**DATA EXTRACTS:**
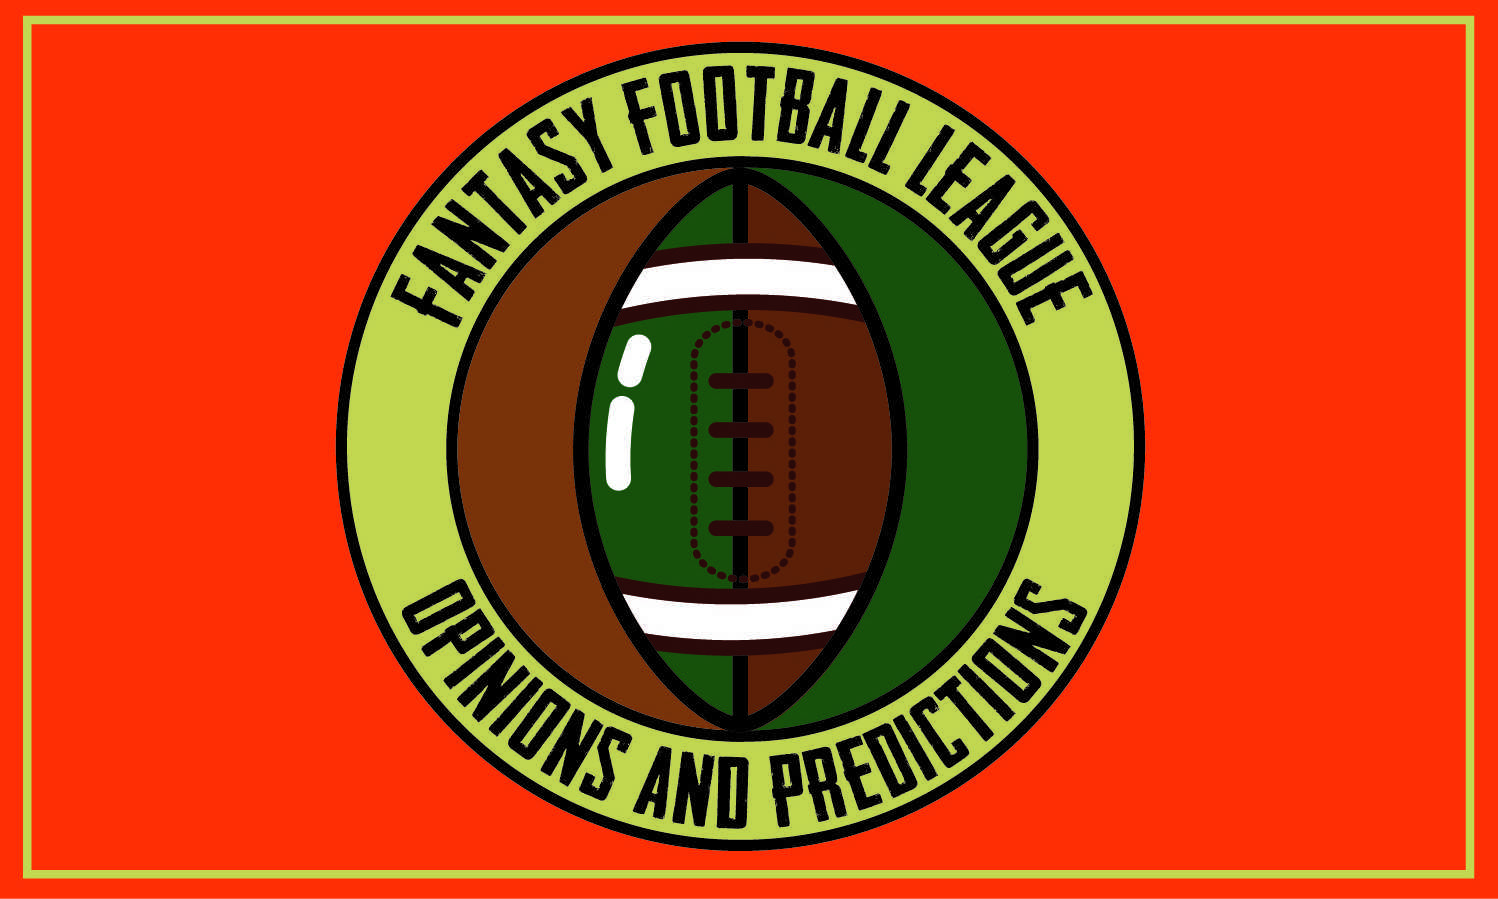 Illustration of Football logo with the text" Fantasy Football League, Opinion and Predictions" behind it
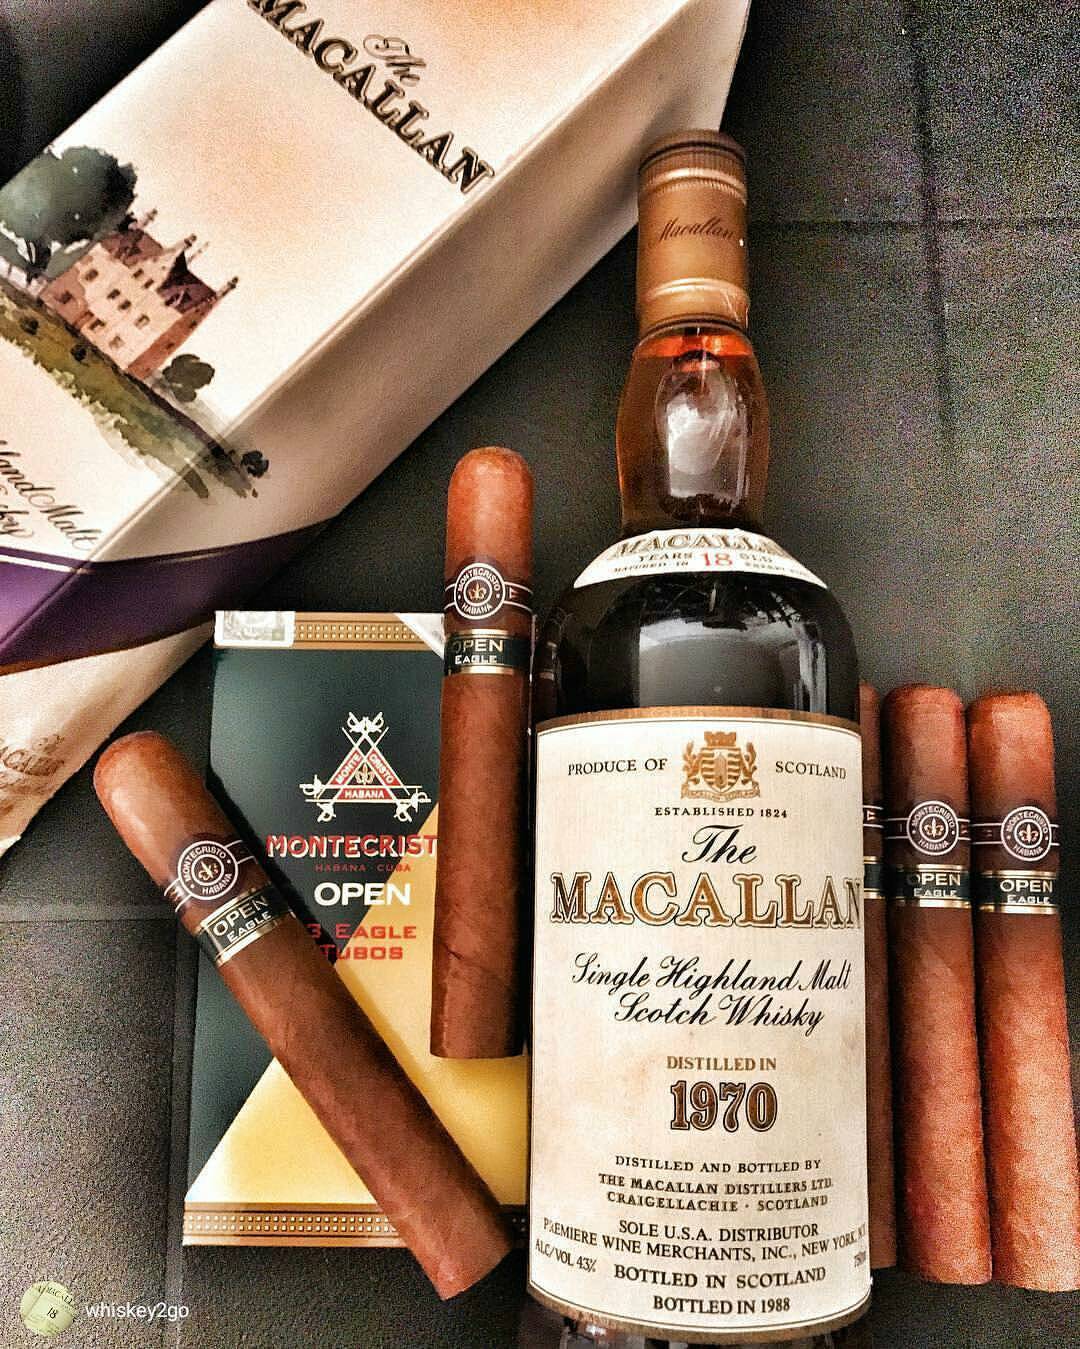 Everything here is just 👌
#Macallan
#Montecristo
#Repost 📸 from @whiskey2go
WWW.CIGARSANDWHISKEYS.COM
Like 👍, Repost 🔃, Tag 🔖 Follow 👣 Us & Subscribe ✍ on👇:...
--
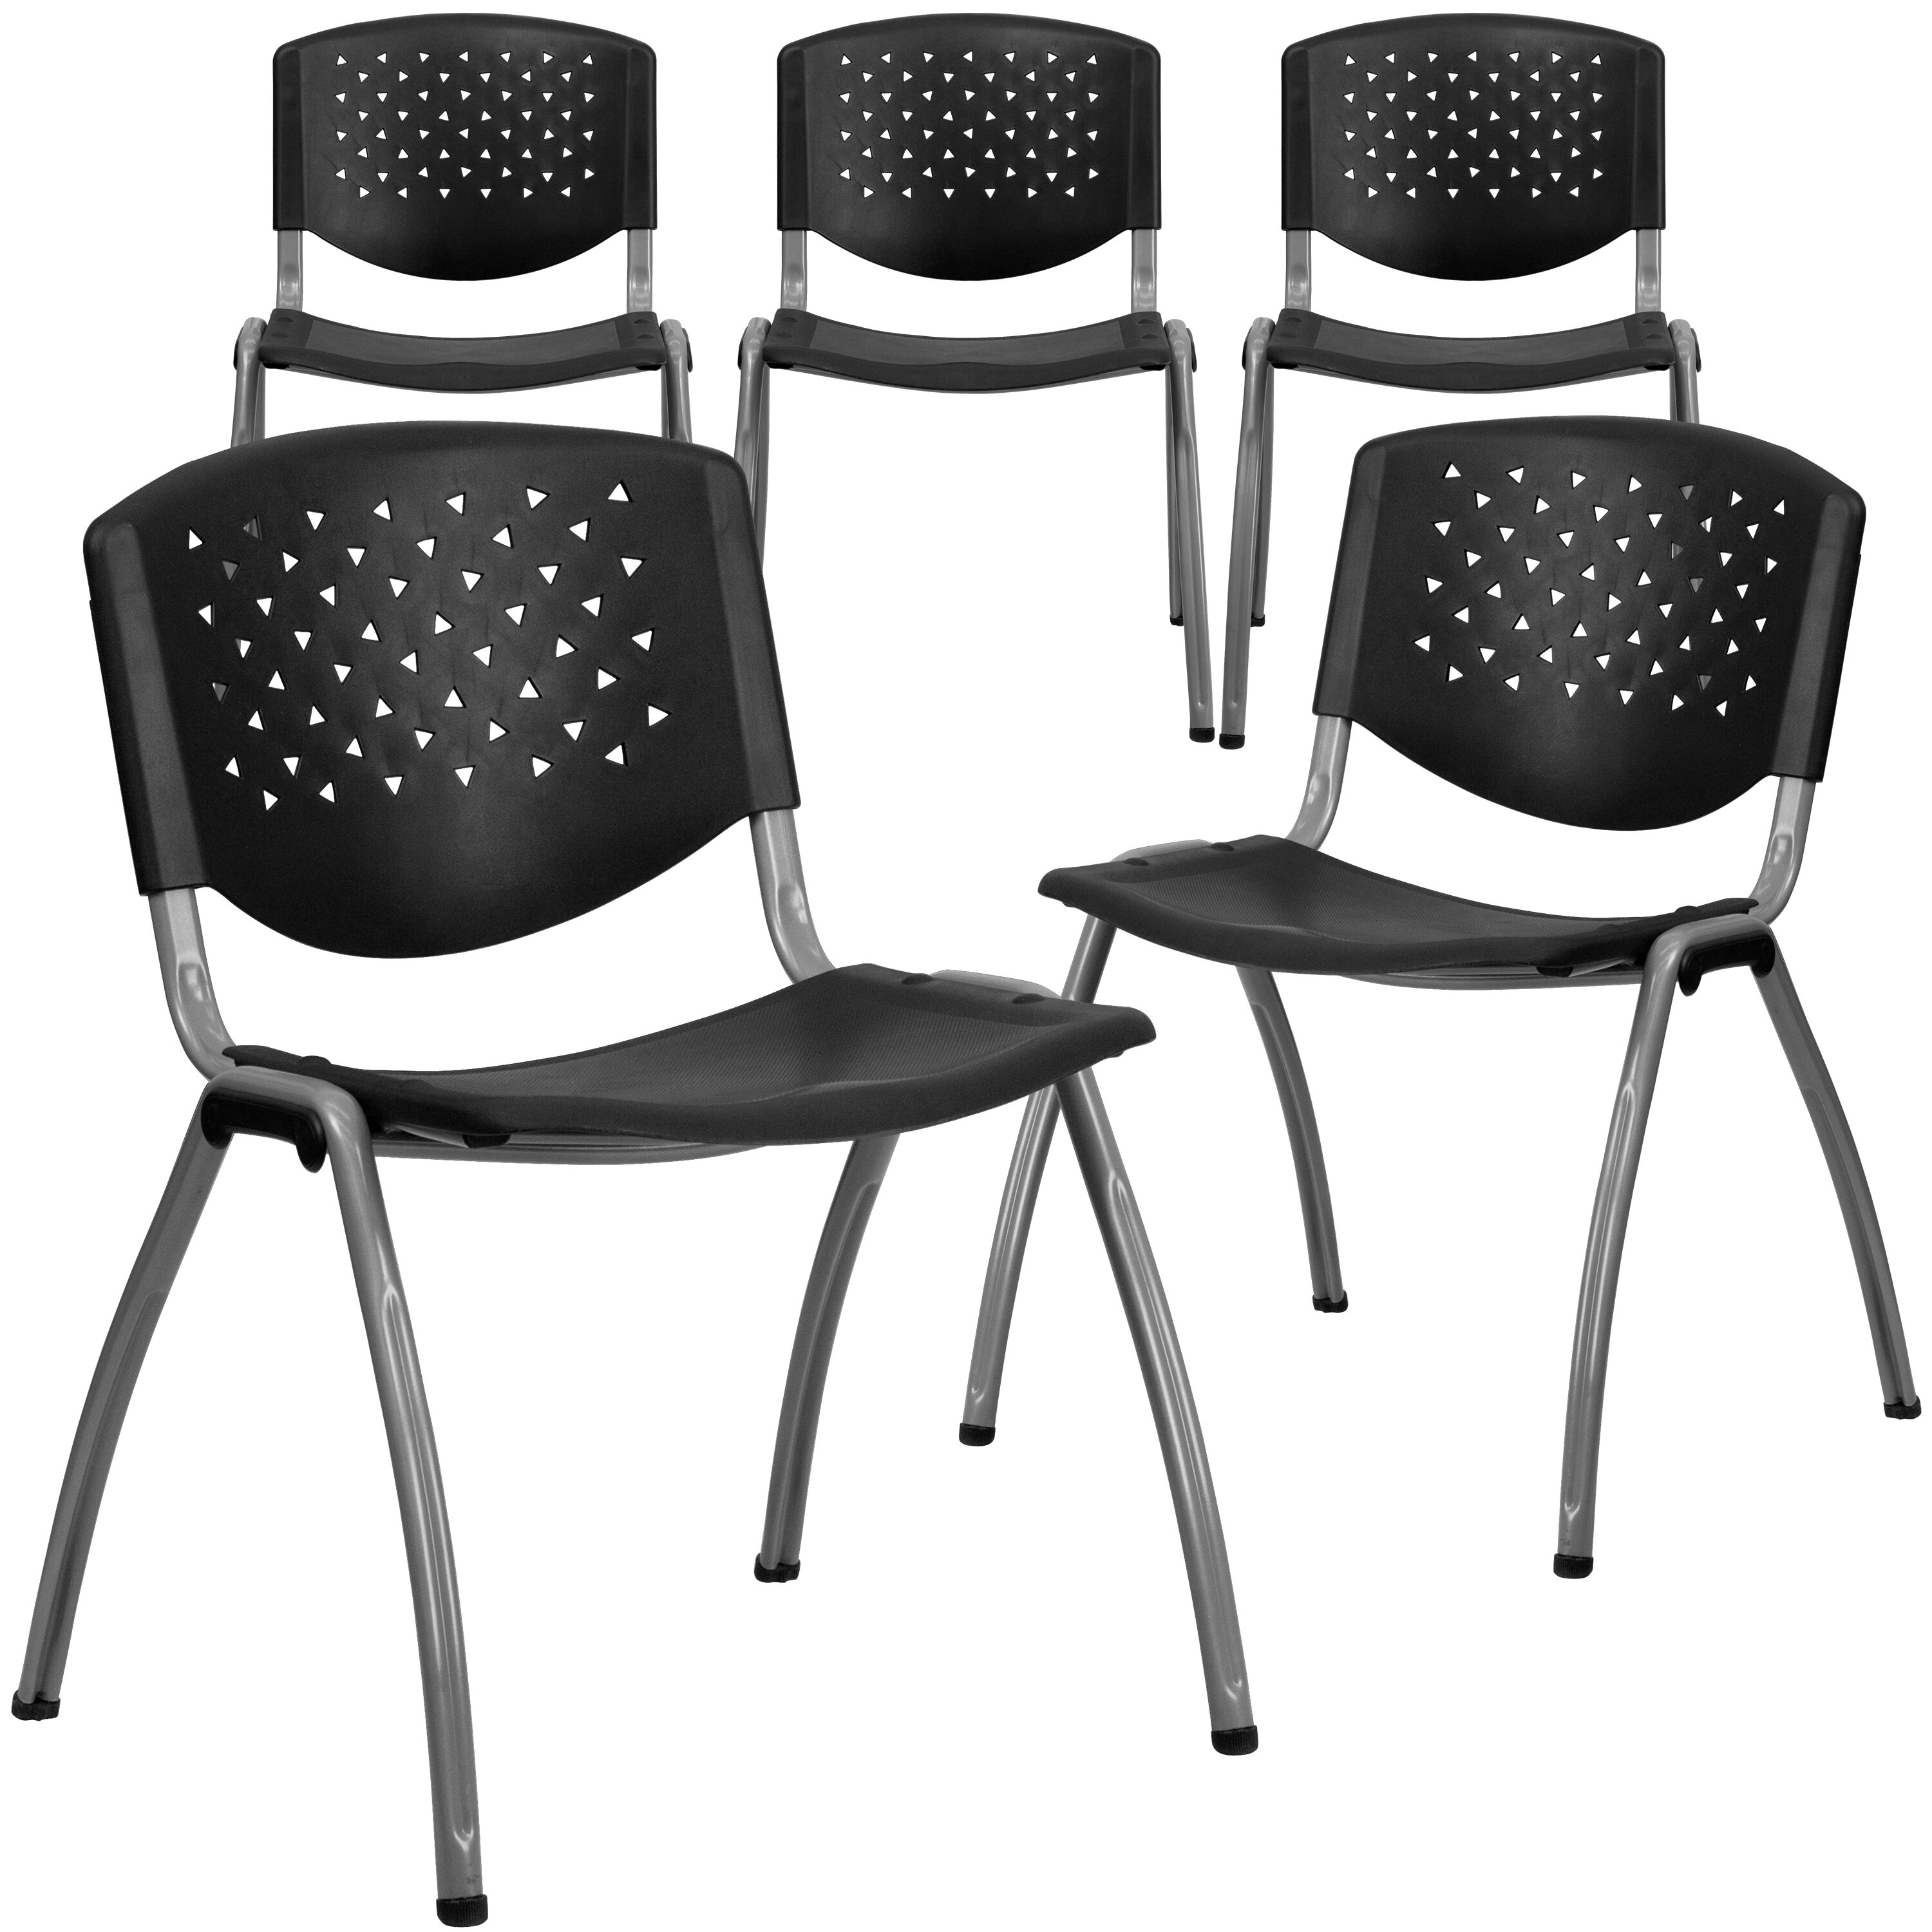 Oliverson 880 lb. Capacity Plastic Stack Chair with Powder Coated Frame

**WHAT YOU NEED TO DO:**
Nothing except the lines from the one containing "Illustration of Football" through the one containing "Like 👍, Repost" should appear in the answer, exactly as above and without pictures.

**SOLUTION BELOW:**
 Illustration of Football logo with the text" Fantasy Football League, Opinion and Predictions" behind it
 Everything here is just 👌
#Macallan
#Montecristo
#Repost 📸 from @whiskey2go
WWW.CIGARSANDWHISKEYS.COM
Like 👍, Repost 🔃, Tag 🔖 Follow 👣 Us & Subscribe ✍ on👇:...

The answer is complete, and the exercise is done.